● What the exercise asks:
A faithful copy is required: transcribe each line below exactly, minus the pictures.

● Data:

---

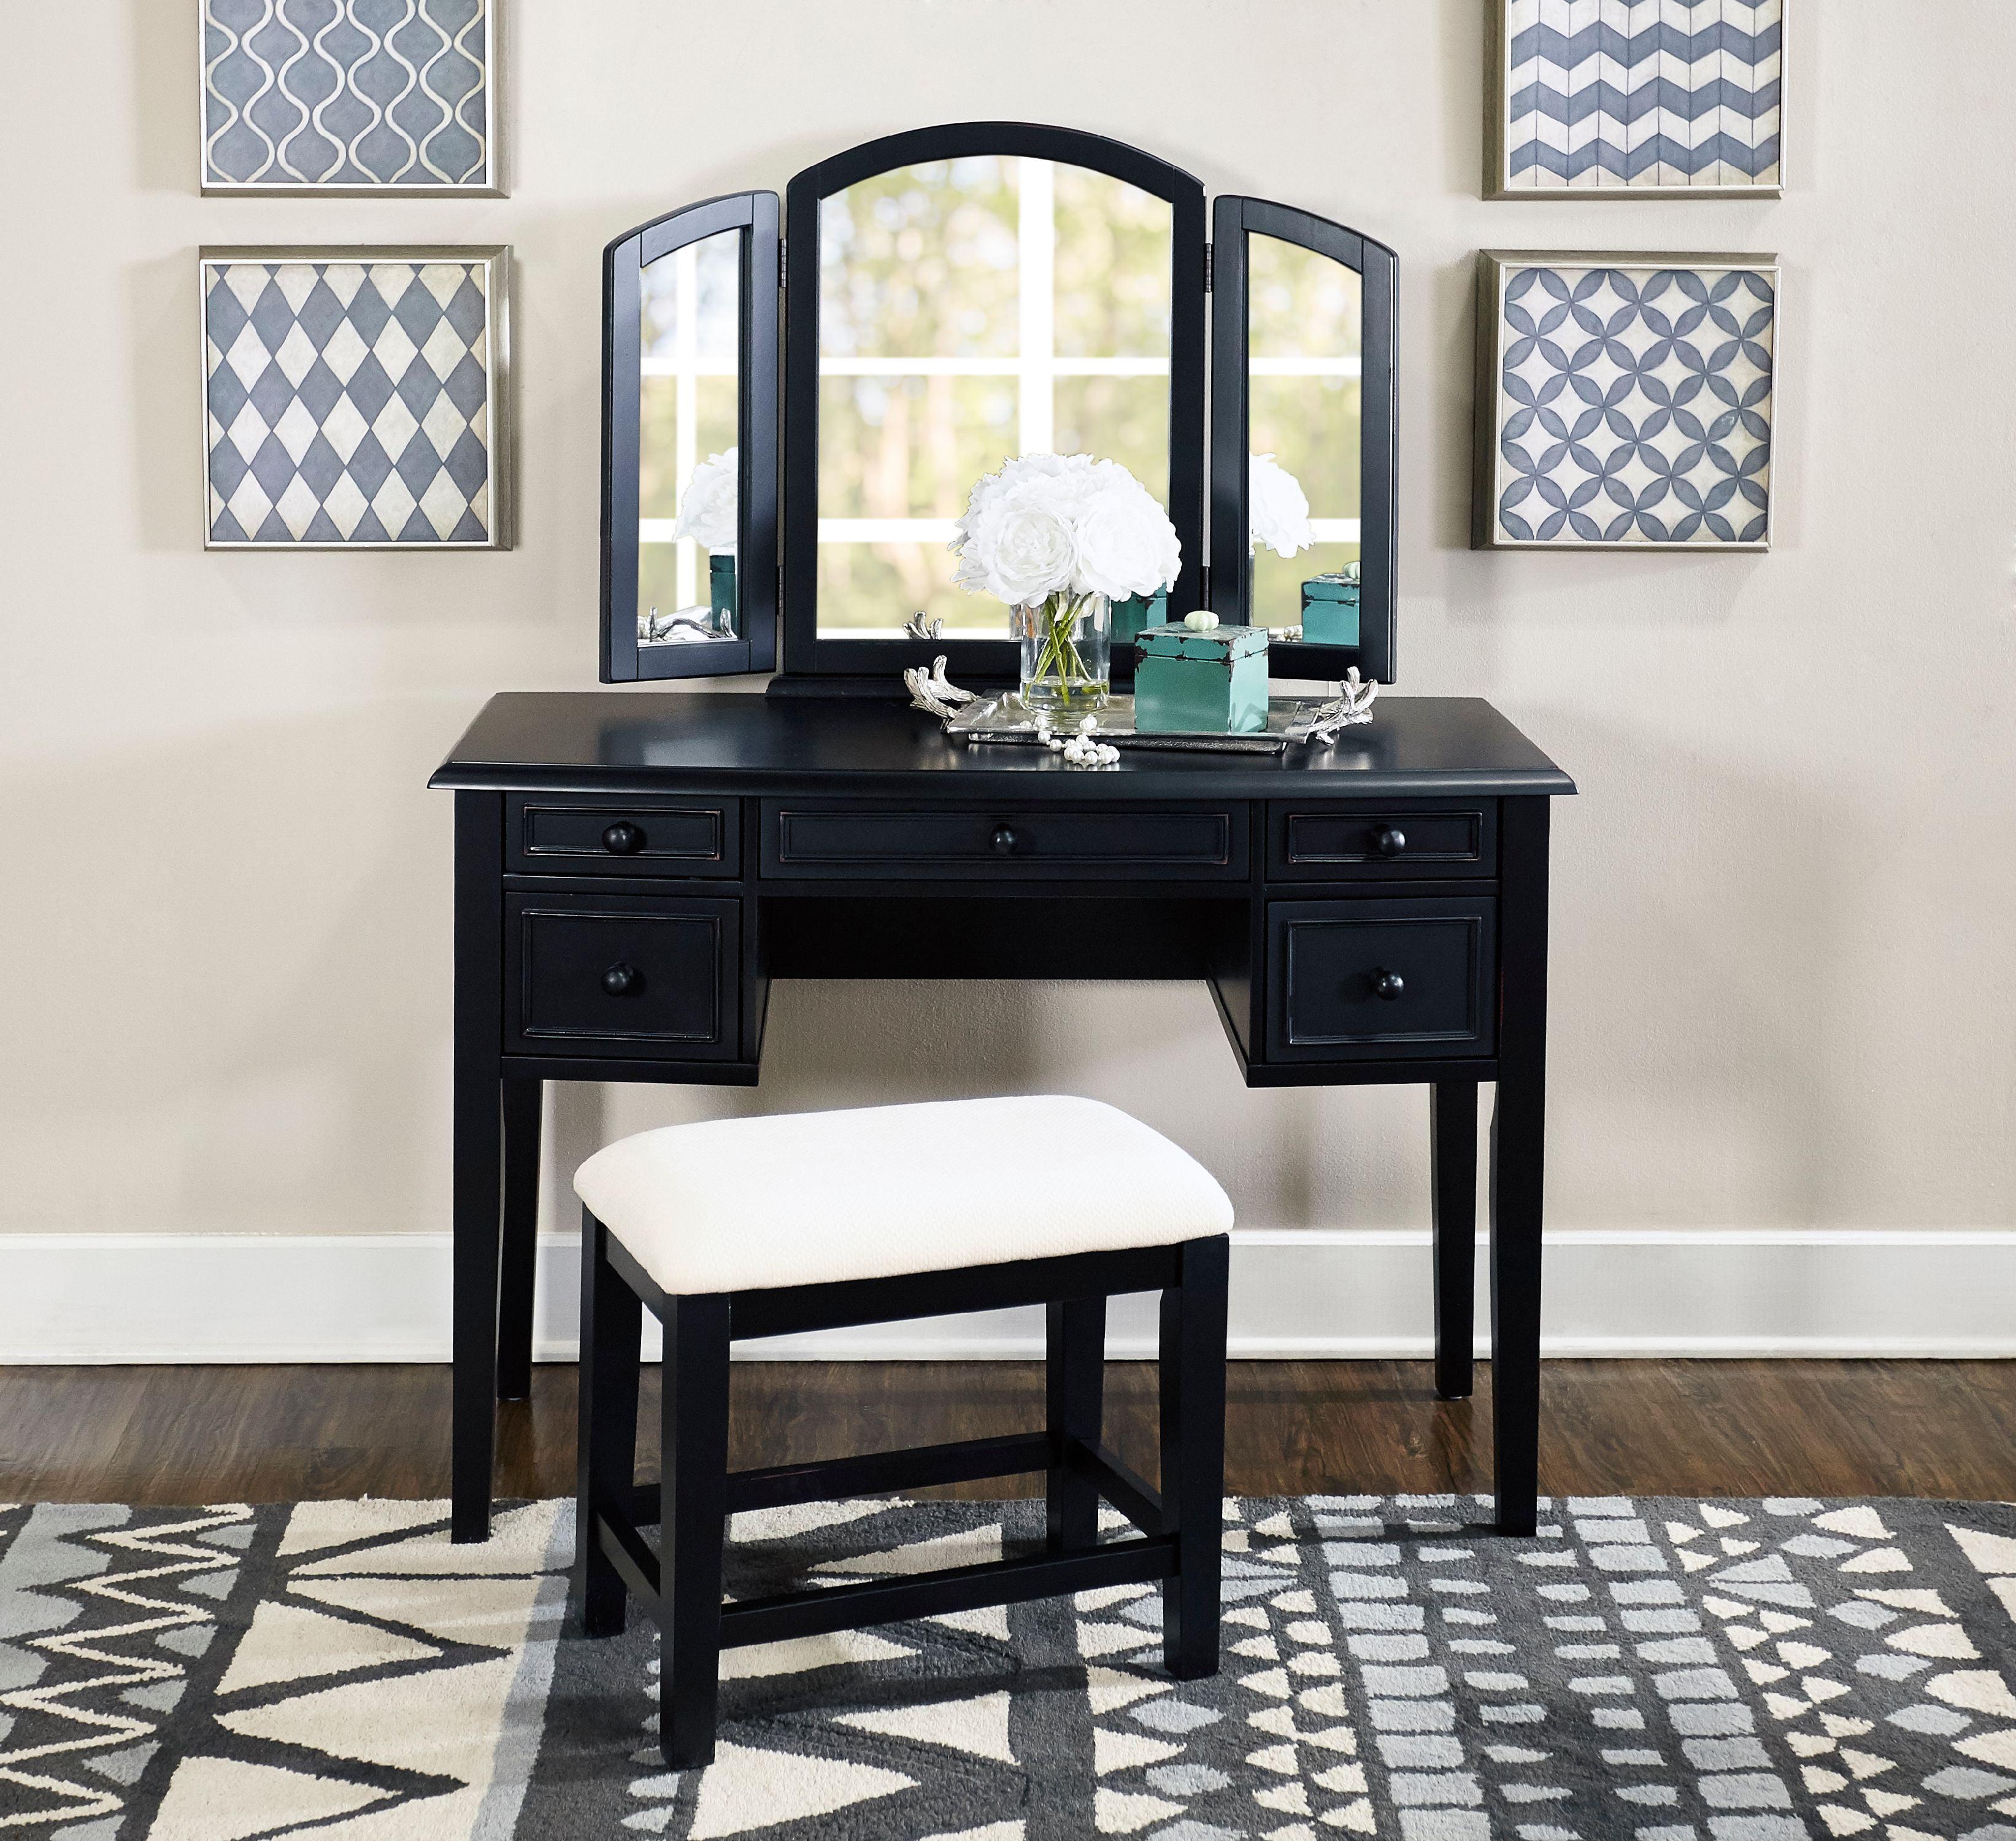 3 Piece Vanity Mirror And Bench Set Multiple Colors Walmart Com
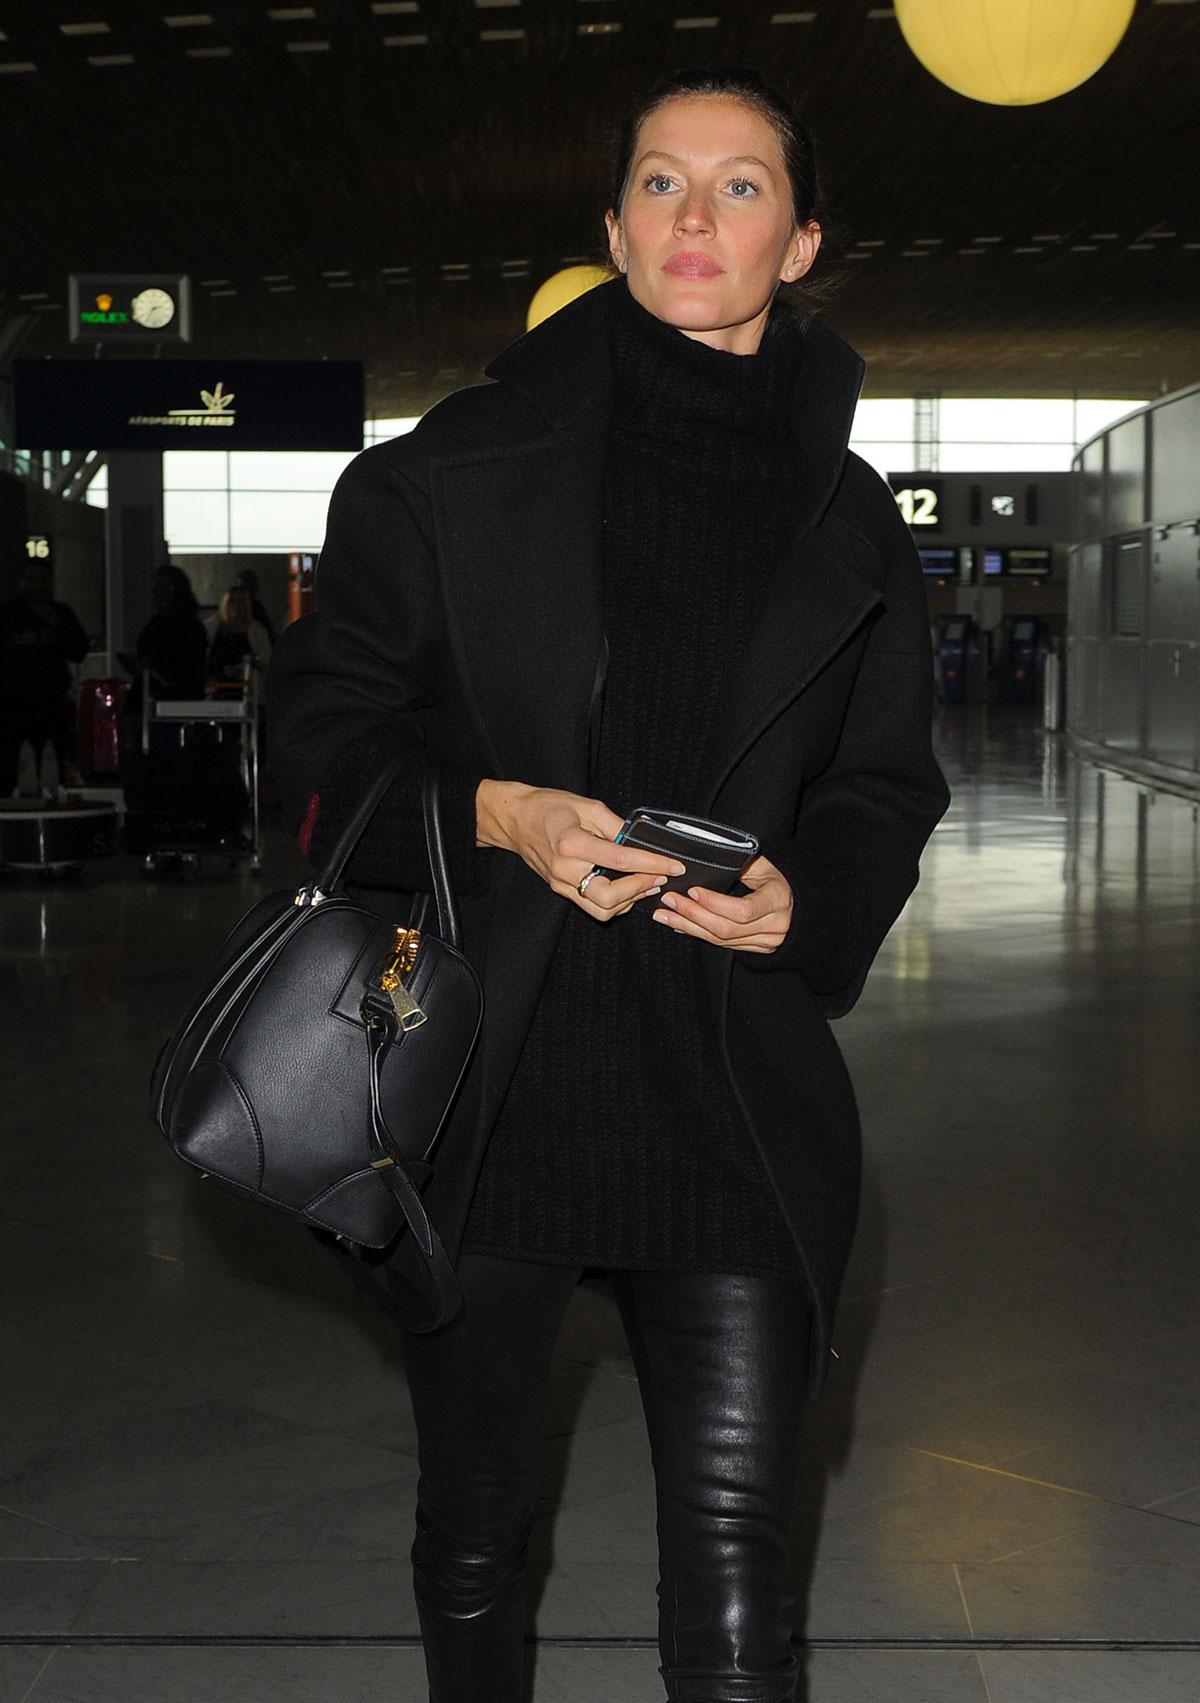 Gisele Bundchen at Charles De Gaulle Airport
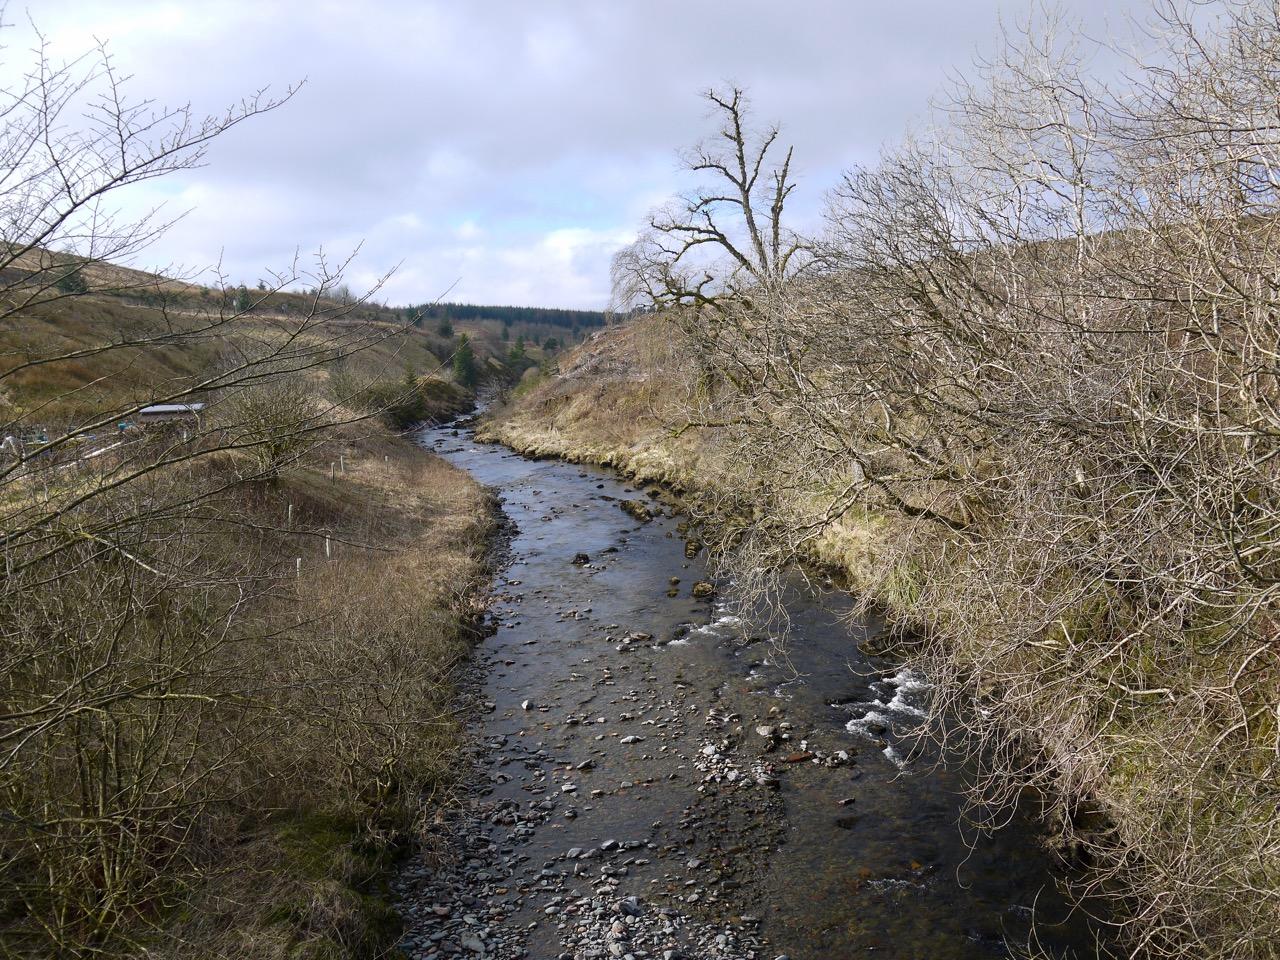 Garwaldwater

---

● Task output:
 3 Piece Vanity Mirror And Bench Set Multiple Colors Walmart Com
 Gisele Bundchen at Charles De Gaulle Airport
 Garwaldwater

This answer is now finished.